▼

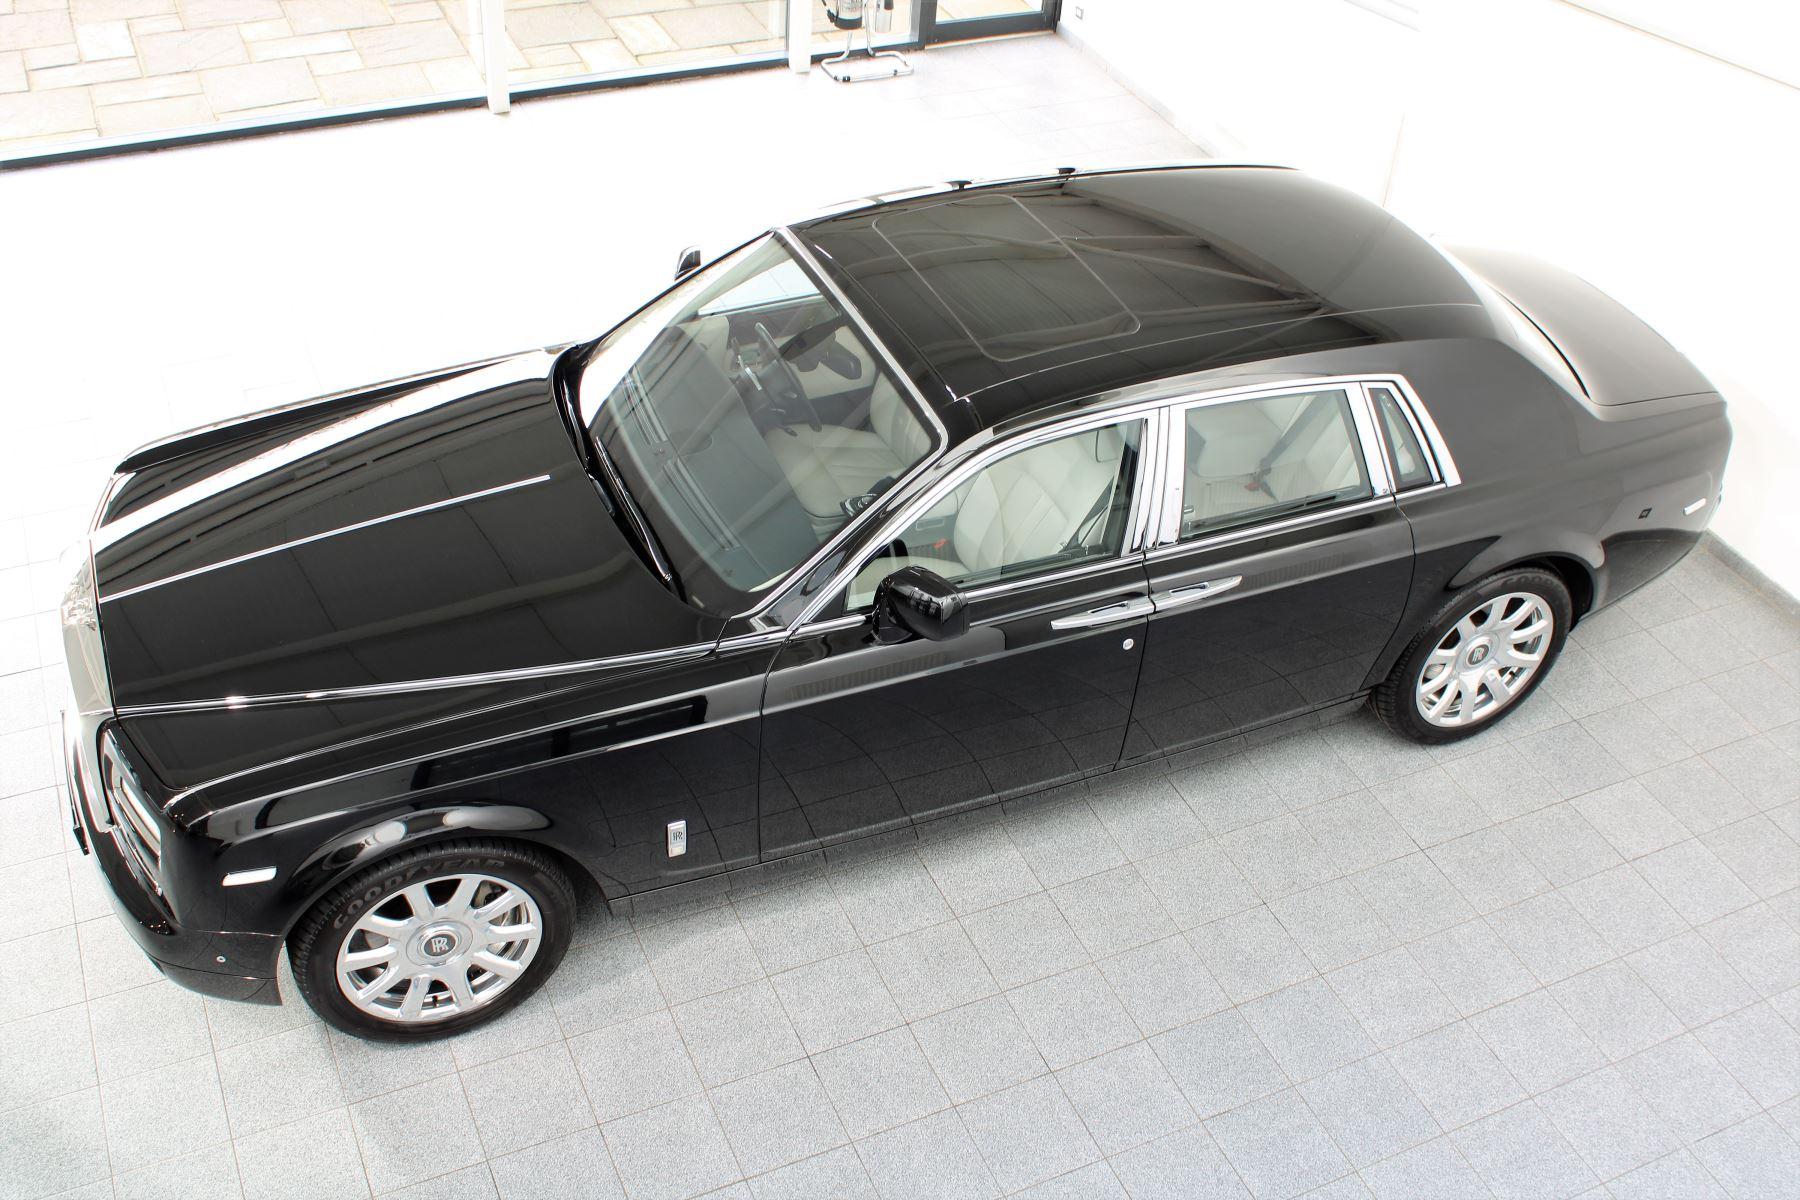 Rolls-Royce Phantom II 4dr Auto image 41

▲
▼

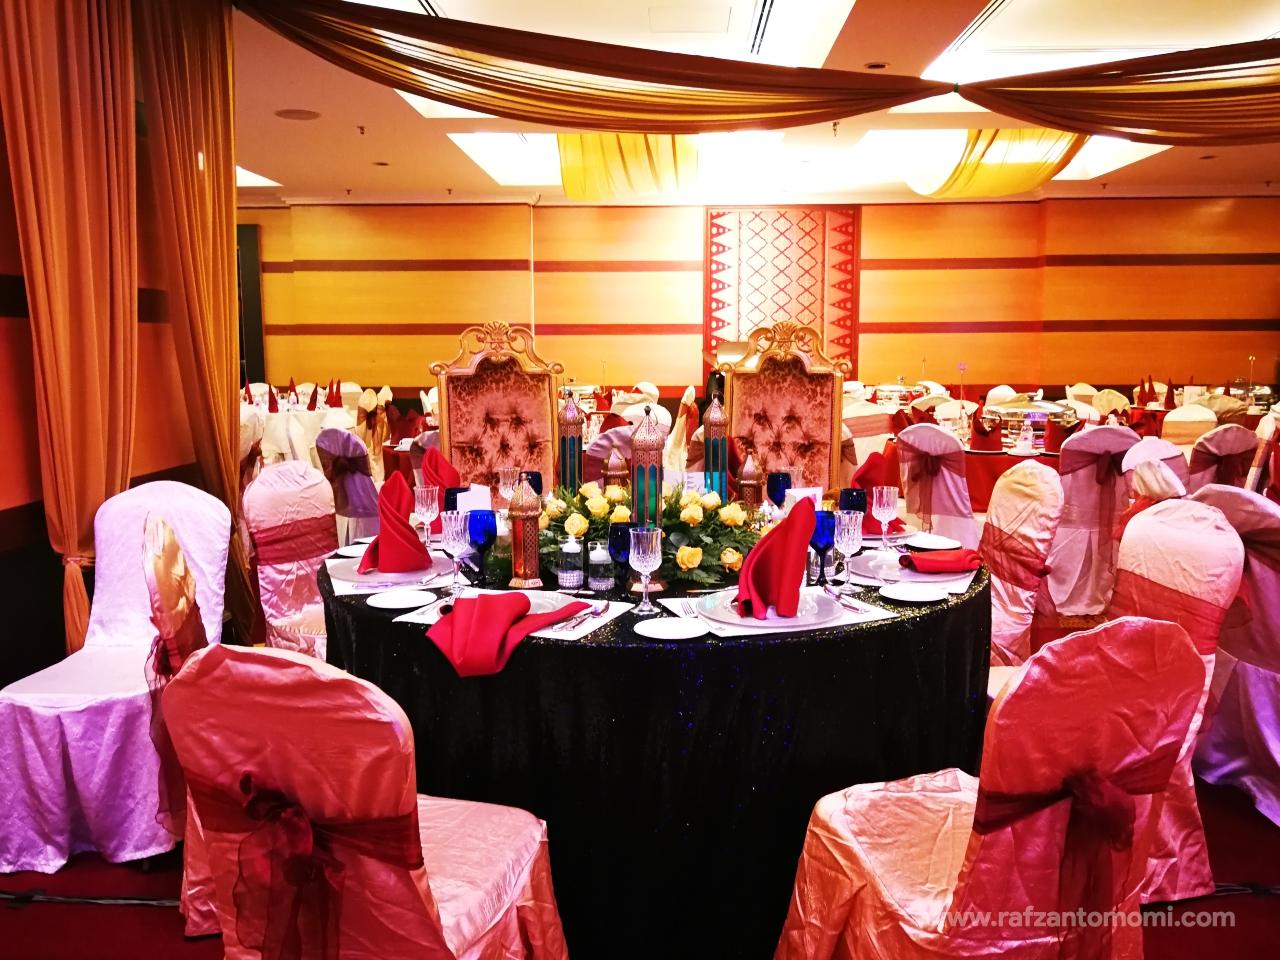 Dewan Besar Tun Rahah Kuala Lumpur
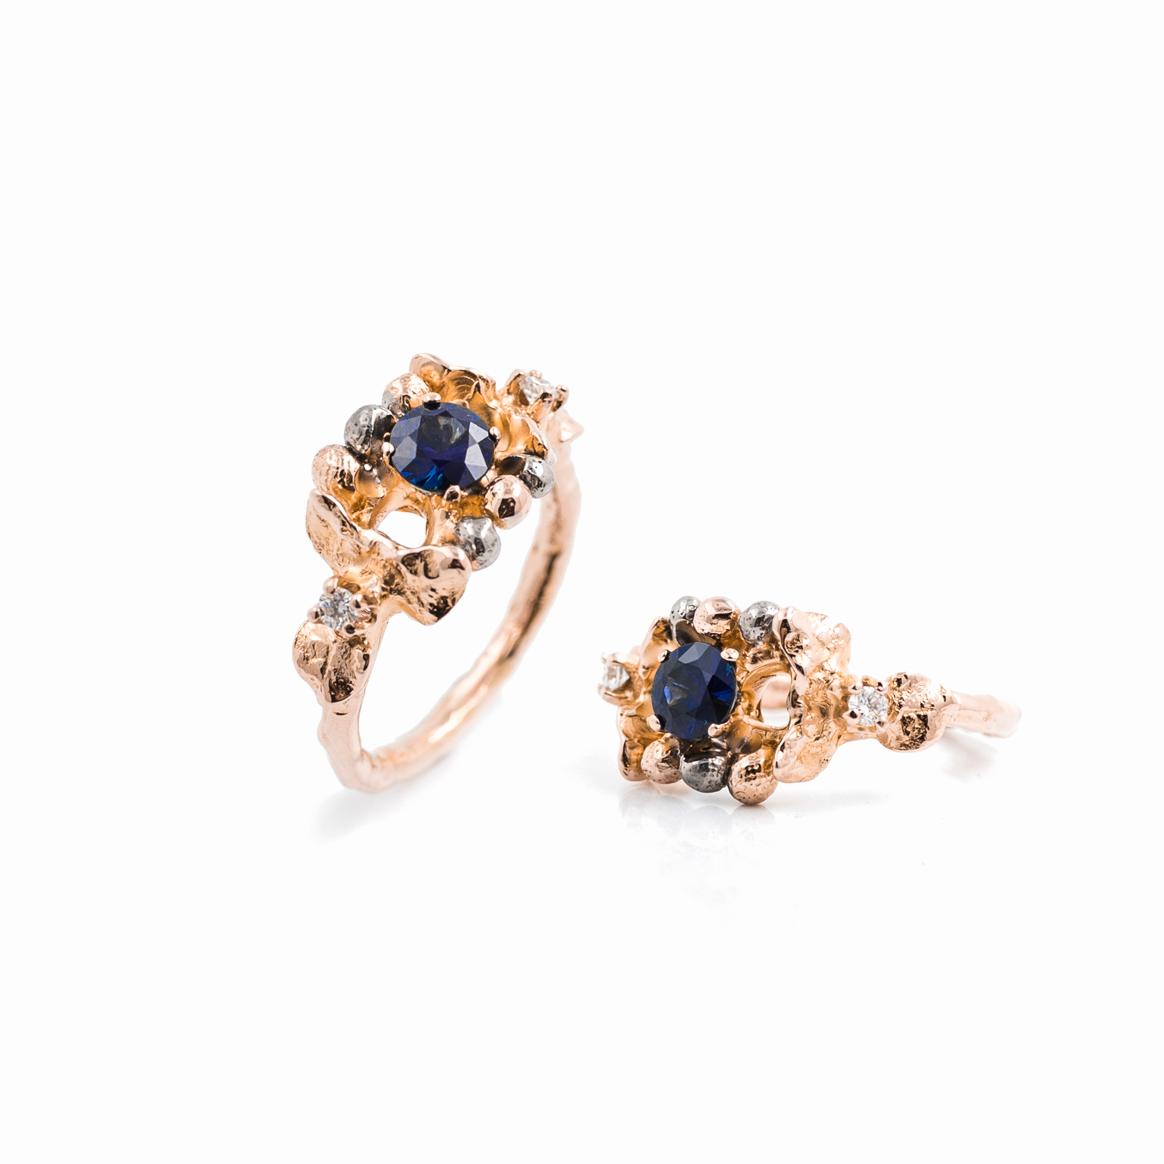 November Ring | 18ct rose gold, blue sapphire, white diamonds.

▲

WHAT TO WORK ON – What you return from the records above should be exactly everything from the line with "Dewan Besar Tun Rahah Kuala Lumpur" down to the line with "November Ring |", both kept, and no pictures.

SOLVED PROBLEM –
 Dewan Besar Tun Rahah Kuala Lumpur
 November Ring | 18ct rose gold, blue sapphire, white diamonds.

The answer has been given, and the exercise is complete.